- Episode no.: Season 19 Episode 18
- Directed by: Chuck Sheetz
- Written by: Daniel Chun
- Production code: KABF11
- Original air date: May 4, 2008

Guest appearances
- Jim Jarmusch as himself; John C. Reilly as himself;

Episode features
- Couch gag: The family is a pop-up in a picture book.
- Commentary: Matt Groening; Al Jean; Matt Selman; Mike Scully; Tom Gammill; Max Pross; David Silverman;

Episode chronology
| ← Previous "Apocalypse Cow" | Next → "Mona Leaves-a" |
- The Simpsons season 19

= Any Given Sundance =

"Any Given Sundance" (a play on the title of the film Any Given Sunday, but otherwise unrelated) is the eighteenth episode of the nineteenth season of the American animated television series The Simpsons. It originally aired on the Fox network in the United States on May 4, 2008. The episode was directed by Chuck Sheetz and written by Daniel Chun.

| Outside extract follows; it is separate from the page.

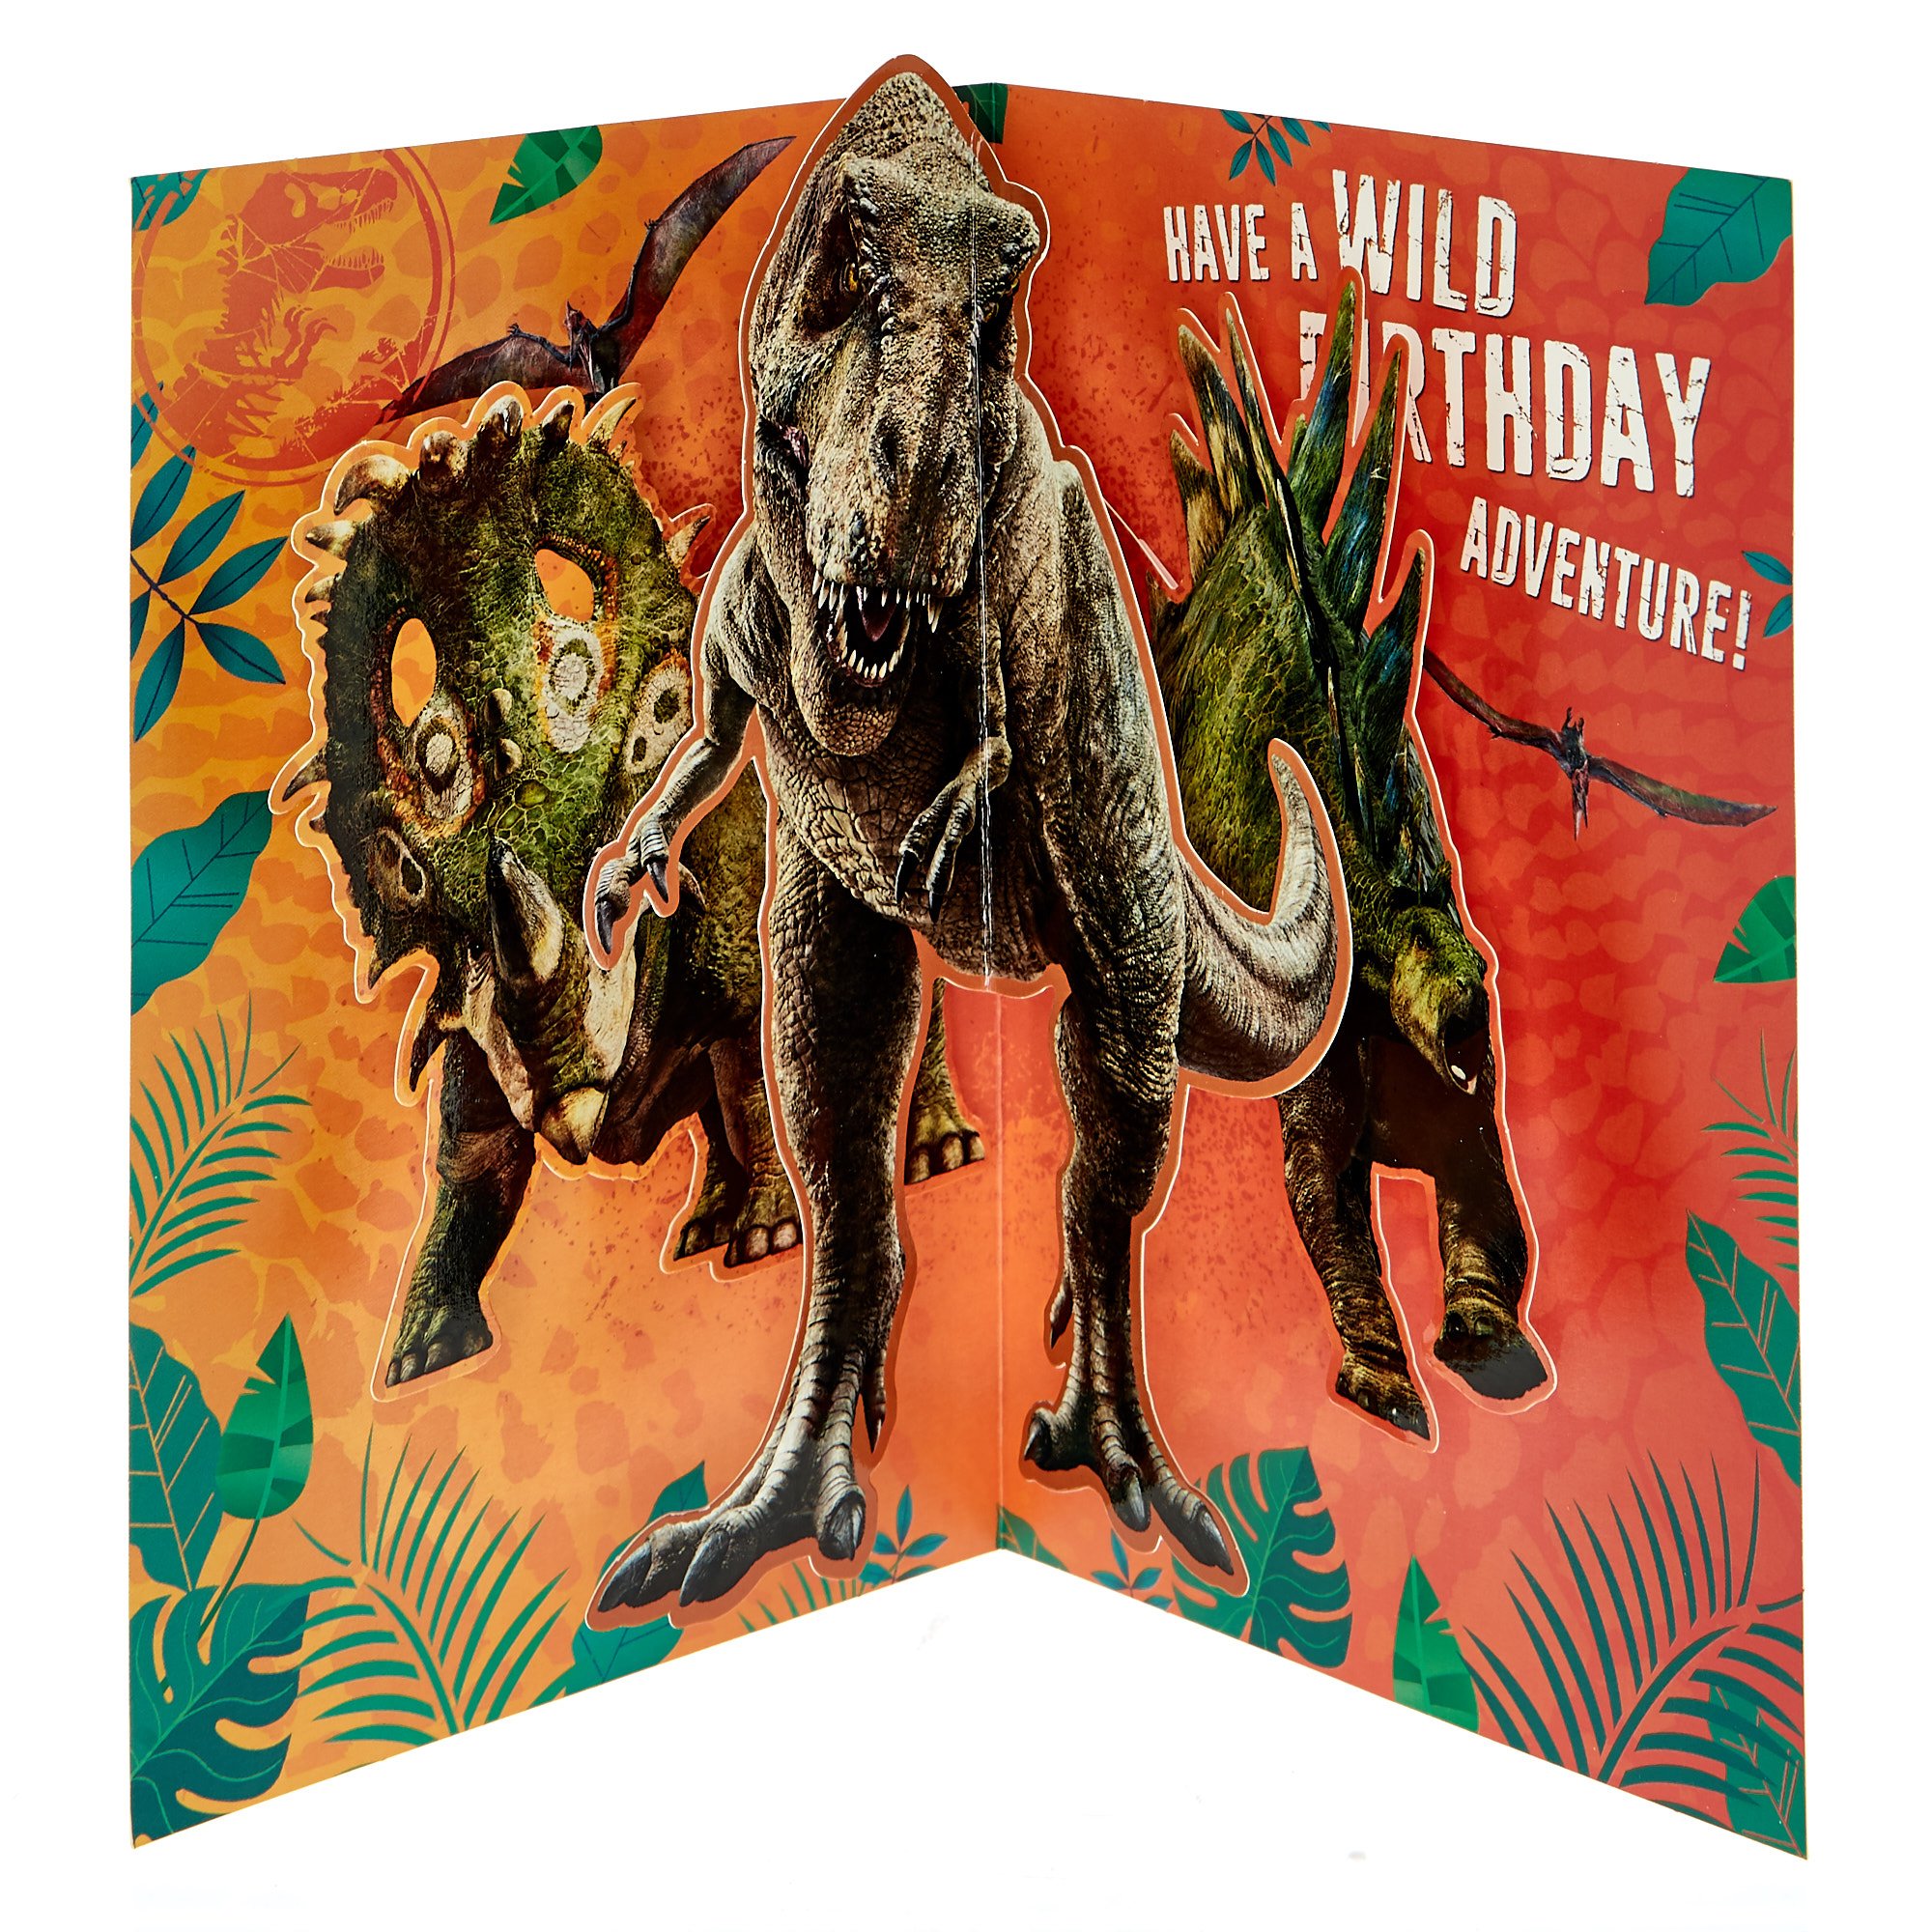 Jurassic World Pop-Up Birthday Card

It guest-starred Jim Jarmusch and John C. Reilly as themselves. After Lisa enters a film about her family into the Sundance Film Festival, Homer, Marge, Bart, and Maggie are appalled by the candid behind-the scenes look at their family. Meanwhile, Principal Skinner and Superintendent Chalmers decide to enter the movie business.

==Plot==
The Simpson family heads to a tailgate party, and while Homer and Bart steal other tailgaters' food, Lisa busies herself by filming the events for a school project, and notices life in its own perspective. Lisa shows the film to her teacher, who reviews her film and says he enjoys it, but gives it a 3 out of 5. When she complains to Principal Skinner, who has a secret cinema passion, he tells her a good film should have plenty of drama. Lisa concludes that the only true source of drama is her family, which Skinner understands, knowing Bart. With Skinner granting her access to the school's A/V equipment, Lisa begins to film her family doing their everyday activities.

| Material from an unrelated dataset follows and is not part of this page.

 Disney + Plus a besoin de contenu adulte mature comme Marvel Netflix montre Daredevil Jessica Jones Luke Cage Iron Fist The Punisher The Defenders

Superintendent Chalmers takes notice of Lisa's filmmaking and convinces Skinner to enter Lisa's film in the Sundance Film Festival. The Sundance organizers agree to premiere Lisa's film, as she is an intellectual misfit, and her movie is not a mainstream production. Lisa's movie, Capturing the Simpsons (a play on the title of the Sundance documentary Capturing the Friedmans) is accepted. When the family learns Lisa's film had been accepted, they all go to Park City, Utah, anxious to see the premiere of the film. Capturing the Simpsons, produced by "Chalmskinn Productions" begins. Lisa shows her family in all of its dysfunction. Audience members begin making sour remarks about her family. One scene features Bart breaking dishes and Homer walking in with bare feet. Marge cleans up after them and Lisa wishes her a "Happy Birthday," embarrassing the entire family. The film ends, and receives a standing ovation. Homer, Marge, Bart and Maggie are all appalled at how Lisa portrayed them in the film.

Comic Book Guy posts a glowing review of the film on his blog, which attracts worldwide attention and leads to some film distributors negotiating with Skinner and Chalmers to buy Lisa's movie. Meanwhile, Lisa's family realize others hate them because of the way they were portrayed in the film (with one person of the original audience going as far as to swear Maggie's death), and approach the family and ask them to act the way they did in the film. Lisa feels sorry for what she did to the family, and while deep in thought, Jim Jarmusch approaches her and says he can relate because his movies are also about "social misfits experiencing the dark side of the American dream". Lisa however, feels that she may have subconsciously humiliated her family on purpose. He tells her the answer to her question of whether or not her family will forgive her can be found in a film: Life Blows Chunks, a documentary by Nelson Muntz which had been in production by Chalmskinn Productions at the same time as Lisa's film. It shows Nelson's struggling life, where Mrs. Muntz is a thief and drinks heavily. When his film ends, Lisa learns that although her family may embarrass her or infuriate her, there are other families with tougher problems. She apologizes to her family, and they gratefully forgive her. Nelson and Mrs. Muntz, who are now in the spotlight, enjoy the attention.

During the tag scene, Skinner and Chalmers meet John C. Reilly, who unsuccessfully tries to audition for Chalmskinn's next movie, Ghost Willie.

==Reception==
Robert Canning of IGN gave the episode a 6.8 out of 10. He liked the joke but thought the episode "told a less than engaging story."

Richard Keller of TV Squad called "Any Given Sundance" a "so-so episode" and said "it just had the feeling of one of those installments where you look up and the show is over. And, the bad thing is you really don't remember what happened". His favorite part of the episode was Nelson's documentary which he compared to that of Barney Gumble in "A Star Is Burns".

"Any Given Sundance" was watched by 6.18 million people during its first airing on May 4, 2008.

In 2012, Matt Zoller Seitz considered the episode one of the many "flashes of greatness" in The Simpsons later years after 2000, stating that "Season nineteen's 'Any Given Sundance'... should be required viewing in film schools."